In Scream 2, Randy Meek outlined his rules for a horror sequel: “More blood, more gore. Carnage. Candy. Your core audience just expects it.” More Chaos is more than happy to oblige, upping the ante on its predecessor, doubling down on bludgeoning bass (“Money Spread”), roiling synthesizers (“2000”), and of course, moshpit-manic anthems (“Trap Jump”).
More Chaos’s “LiveLeak””>
More Chaos album cover.
Over email, creative director Nick Spiders tells me Ken had a similar vision for the album’s cover art. “The main difference is that there’s actually more chaos on this one,” the 21-year-old says. “That’s why we needed this cover to be louder, crazier, bloodier.”
Spiders used the same camera to shoot both Chaos album covers, but that’s where the similarities between the images end. AGC is nearly pitch black, with Ken’s vampire grills glinting in 4KHD; by comparison, More appears almost like a painting, with a bright white background to contrast against Ken’s bloodspattered shirt.

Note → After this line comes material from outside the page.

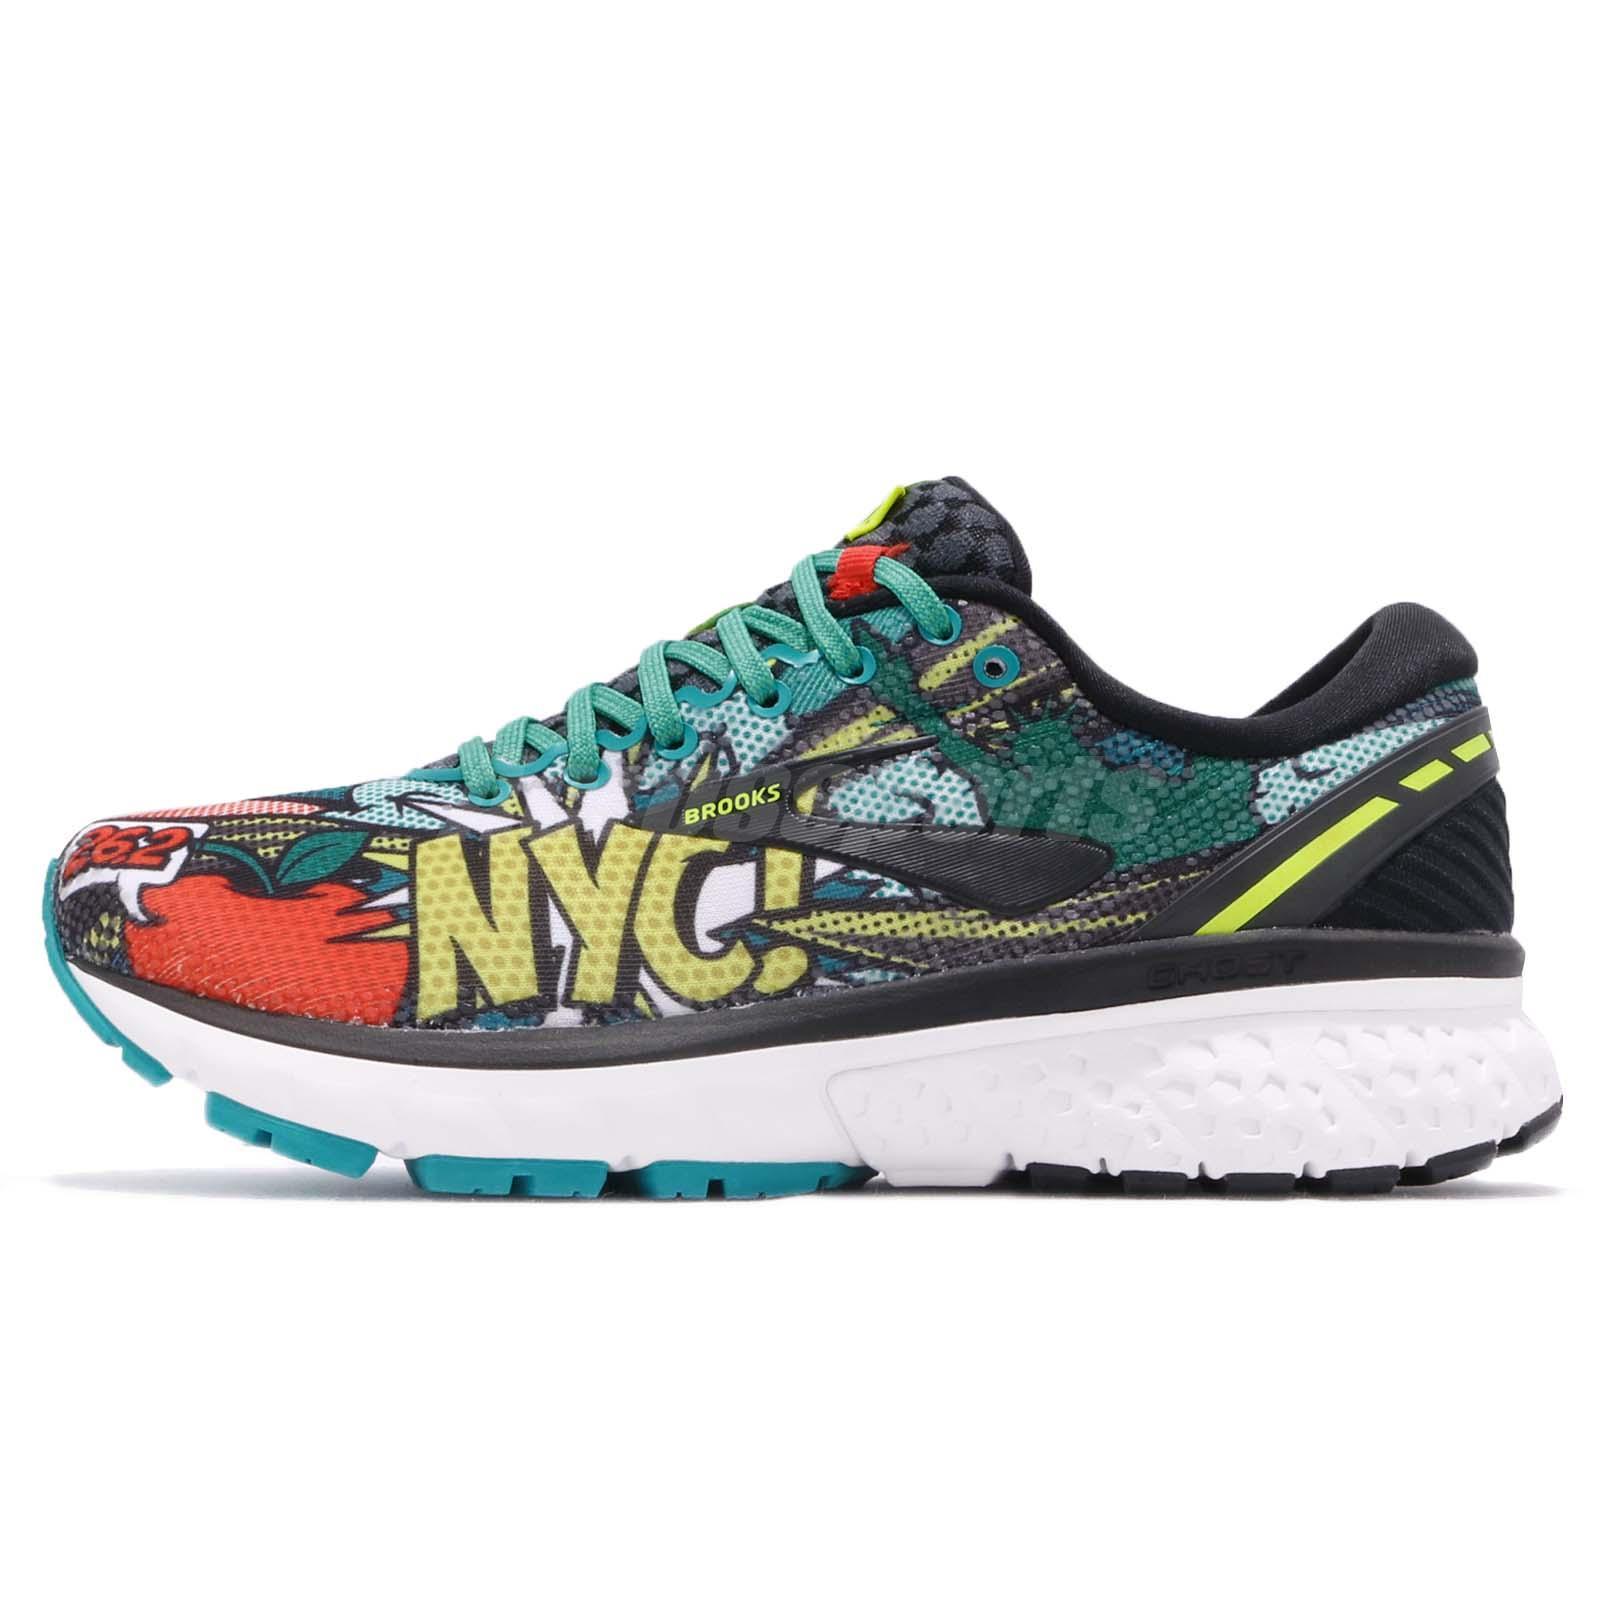 e0219150566 Brooks Ghost 11 New York Marathon Black Pop Art Women Running Shoes 120277  1B
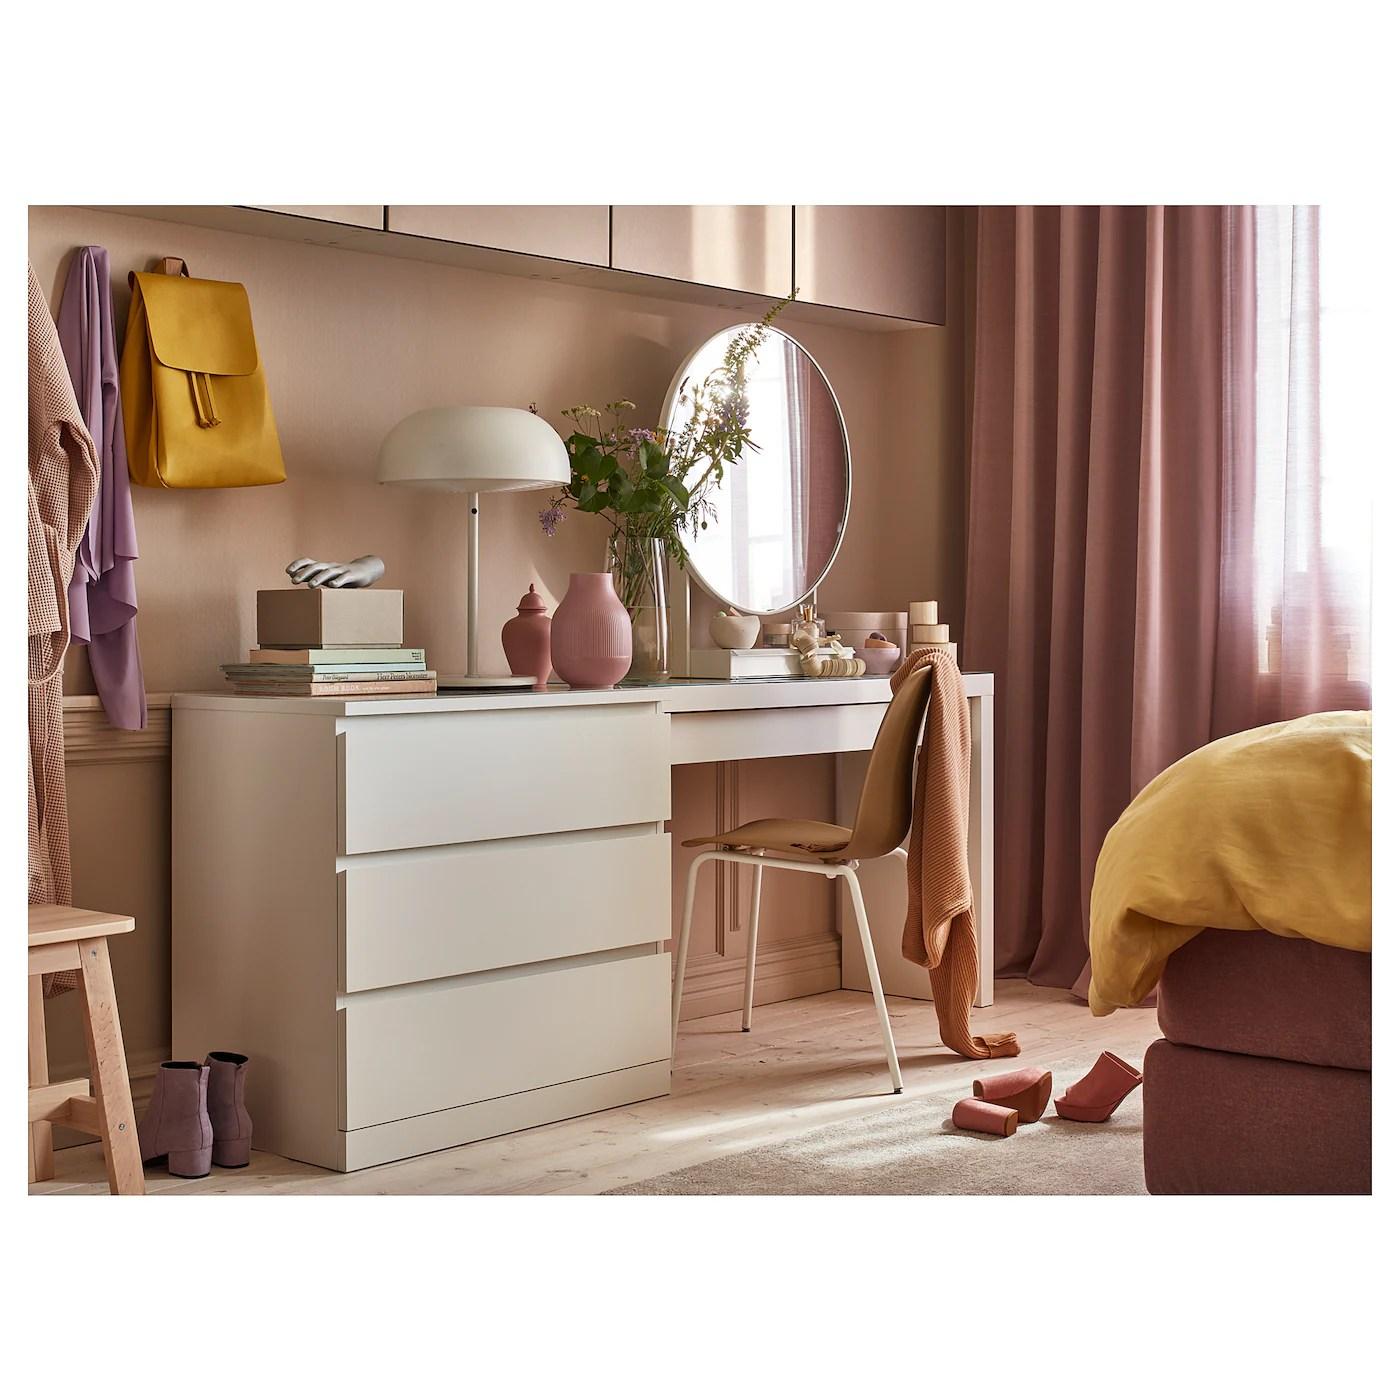 Malm Coiffeuse Blanc 120x41 Cm Ikea

“It just happened one day,” he shrugs after I ask about the creative process. “We shot that cover in about 5 minutes and had the final version about 5 minutes after that. The only edit was more blood.”
Perhaps nowhere is the album’s gore-galore ethos more front and center than “LiveLeak,” named after the now-shuttered video hosting service notorious for hosting incredibly graphic clips of violence and worse. It’s a two part song, with an overdriven front half produced by Canadian skai (OsamaSon‘s “Rehhab,” “New Tune”) that ricochets between your eardrums and a coda courtesy of Gab3, Kavi and Noah Mejia that surges and seethes as Ken demonstrates his spelling bee prowess. “V-A-M-P-I-R-E, I’m a vampire,” he grins, before describing a woman who loves him so much her first tattoo is a Ken Carson tramp stamp.
On one level, More Chaos almost feels anachronistic: rage-inspired artists like prettifun and OsamaSon have refocused on melodies over kick patterns, and Carti’s MUSIC was more nostalgic for the trap music of the late 2000s than the bangers of the early 2020s. But where most rage music cribs wholesale from Whole Lotta Red, Carson’s is clearly indebted to the music of Atlanta, albeit in subtler forms than a SWAMP IZZO! tag. In that sense, it seems less boilerplate and more like a mutation of the era of trap music pioneered by Future and Young Scooter. Does More Chaos hit your body real hard, right now? Then it did what it was supposed to.